**Exercise prompt**
Line by line, return the listing exactly, without any of the images.

**Stored data**
☆ ☆ ☆ ☆ ☆ ☆ ☆

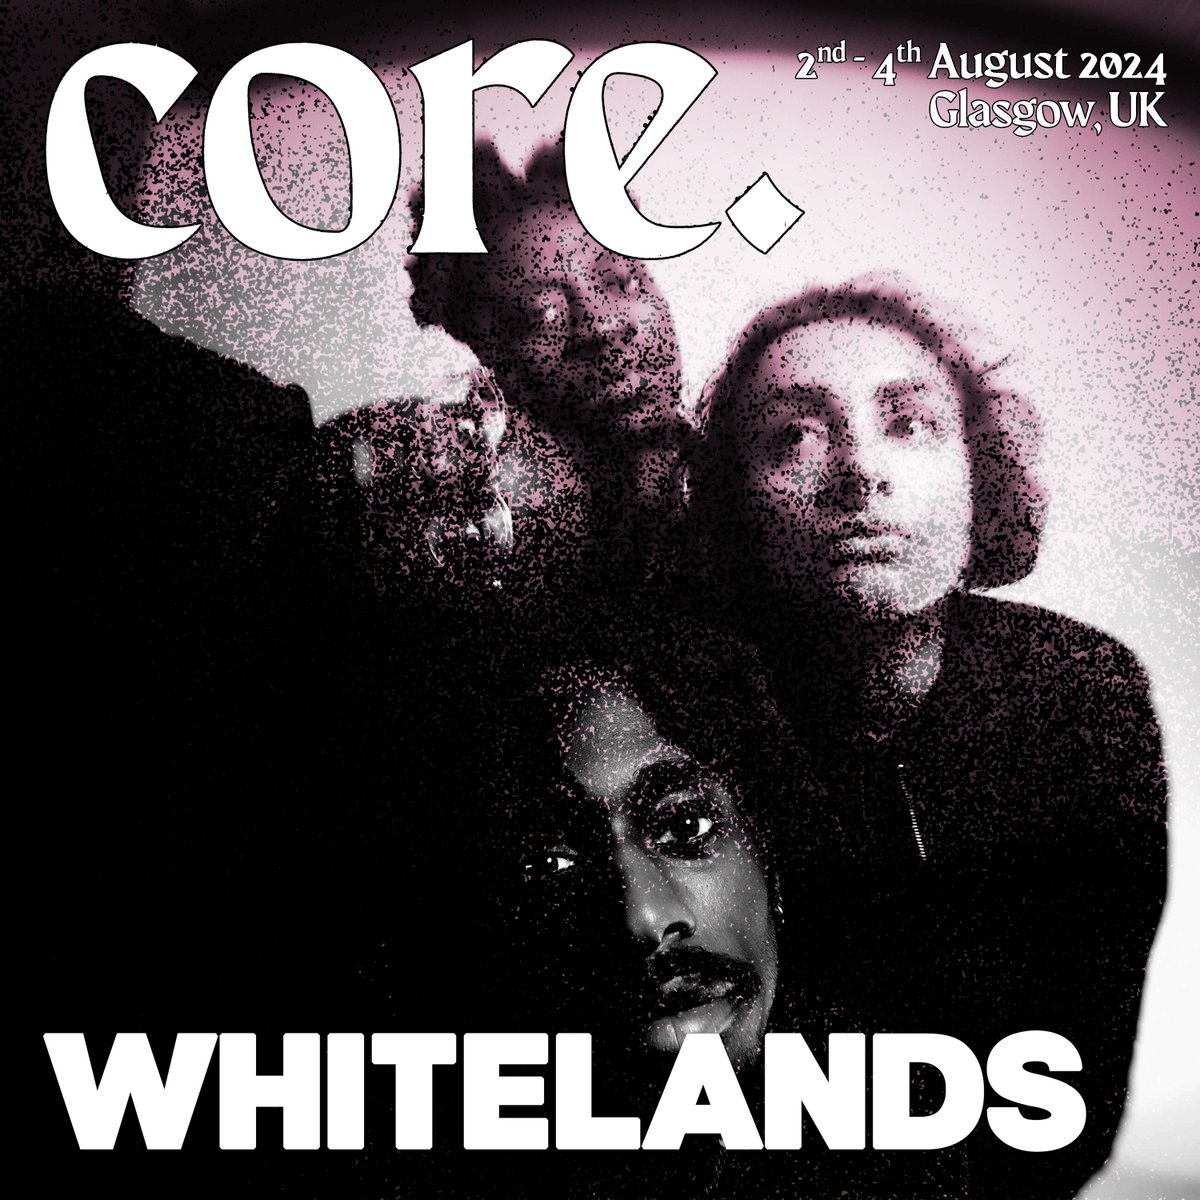 Some new festival dates for @whitelandsband 👇 Sunday, May 26 – Cardiff Psych & Noise Fest at @TheMoonCardiff Friday, August 2 – Glasgow Core. Festival Tickets for all forthcoming shows are here: linktr.ee/whitelands2024
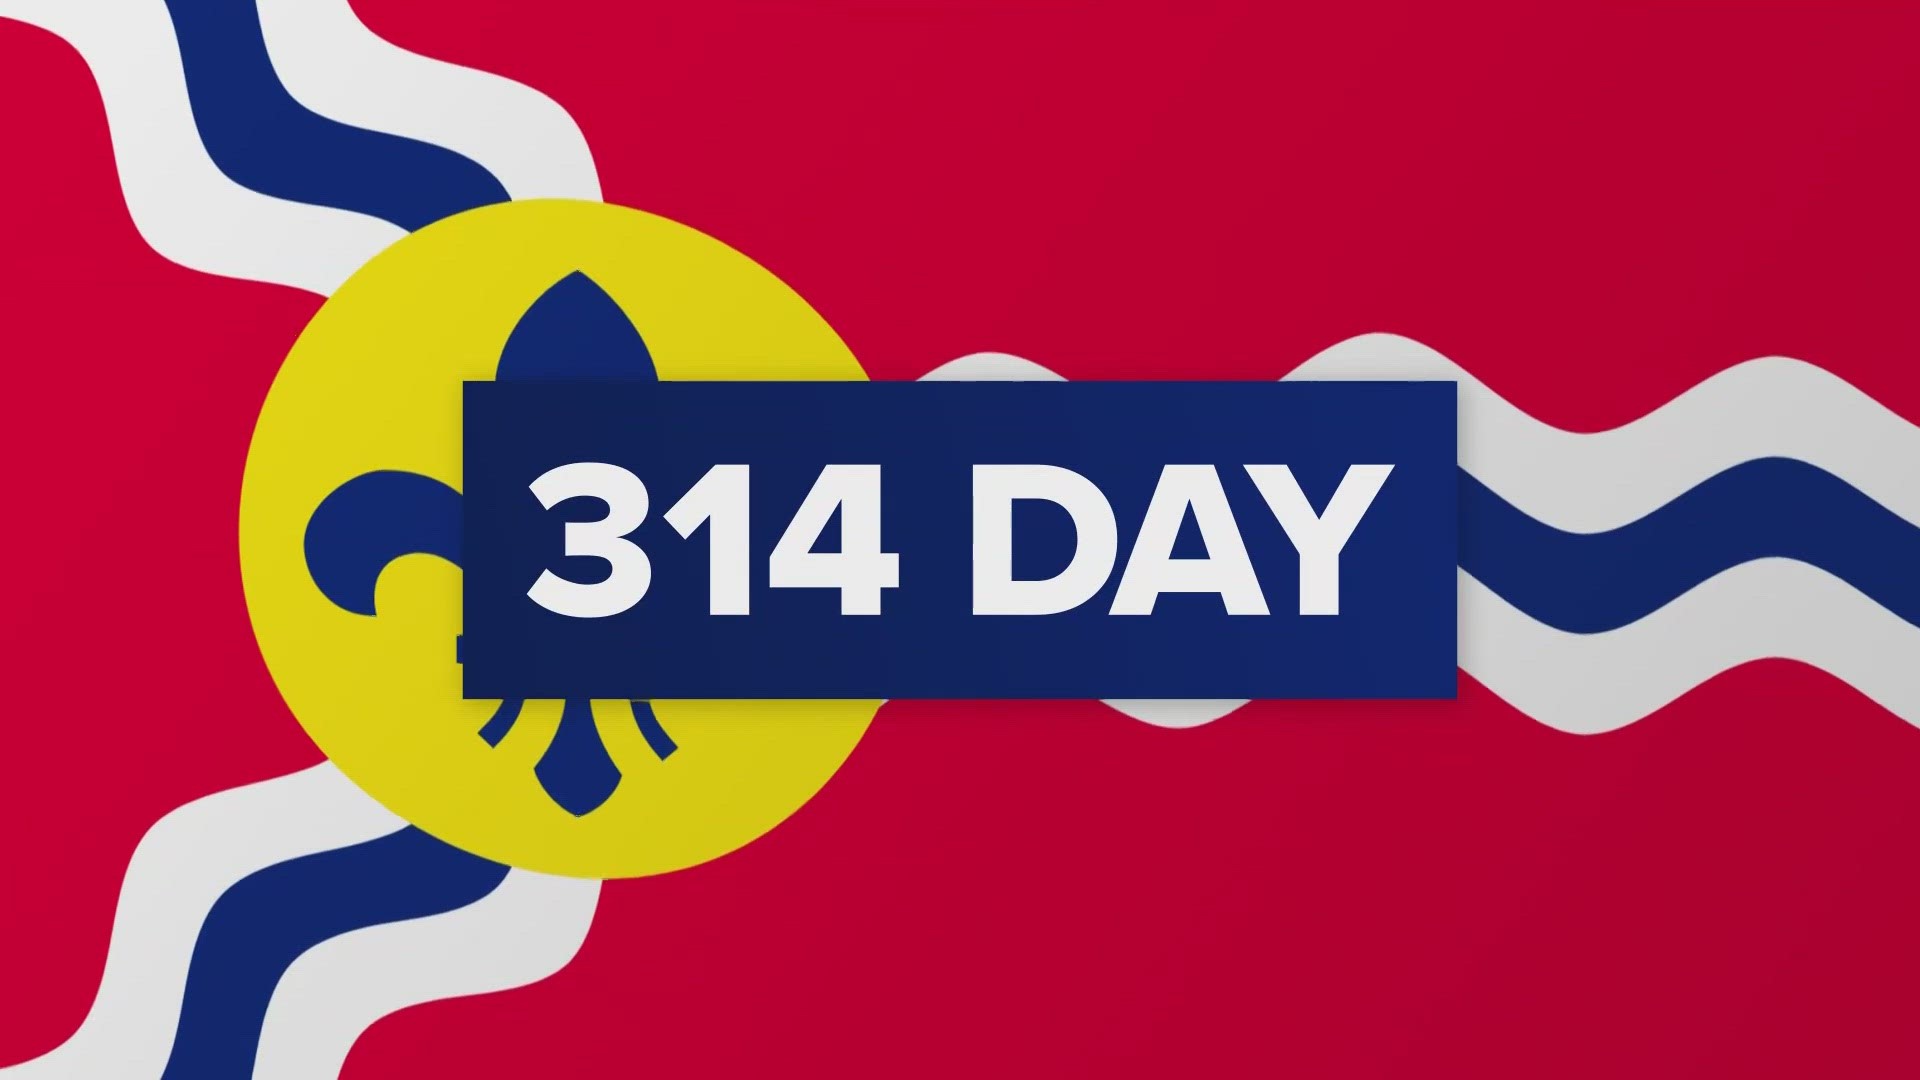 Businesses and residents are celebrating 314 Day across St. Louis. Specials, ticket sales and more are happening throughout the day.
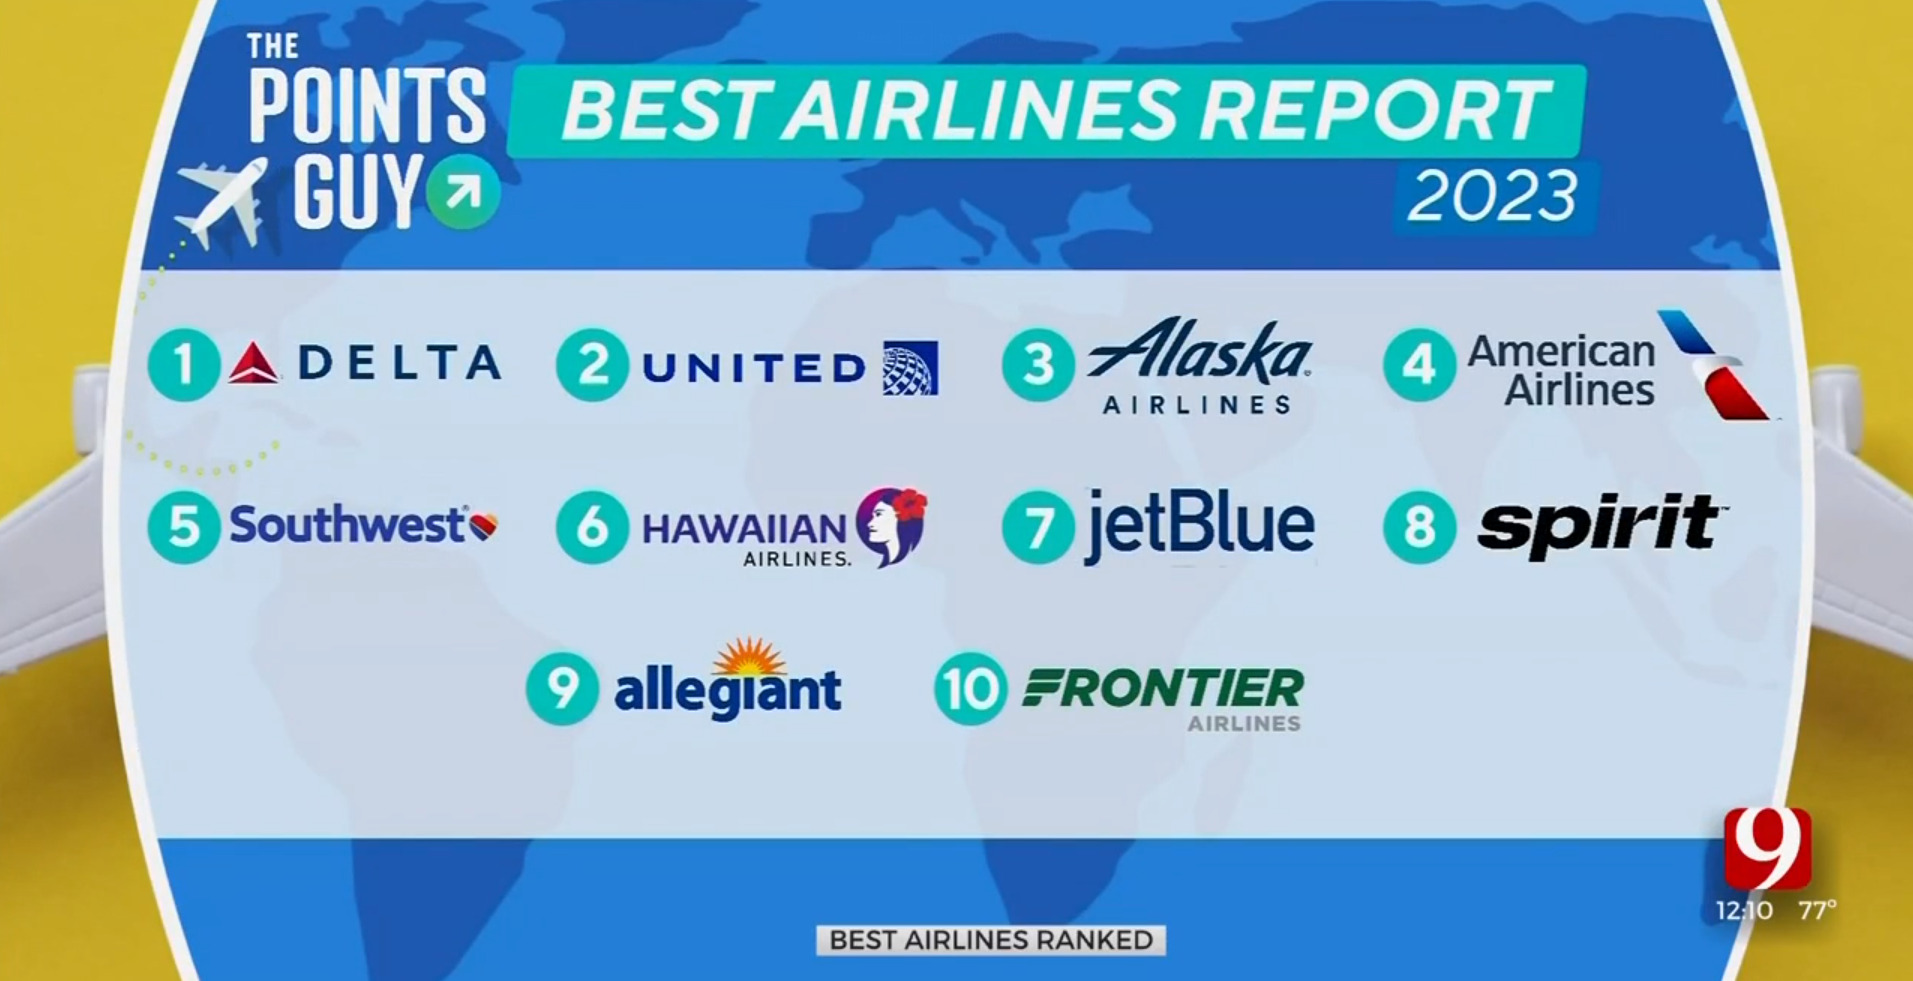 Delta Named Best U.S. Airline Of 2023 By The Points Guy For 5th Year In A Row

☆ ☆ ☆ ☆ ☆ ☆ ☆

**Your solution**
 Some new festival dates for @whitelandsband 👇 Sunday, May 26 – Cardiff Psych & Noise Fest at @TheMoonCardiff Friday, August 2 – Glasgow Core. Festival Tickets for all forthcoming shows are here: linktr.ee/whitelands2024
 Businesses and residents are celebrating 314 Day across St. Louis. Specials, ticket sales and more are happening throughout the day.
 Delta Named Best U.S. Airline Of 2023 By The Points Guy For 5th Year In A Row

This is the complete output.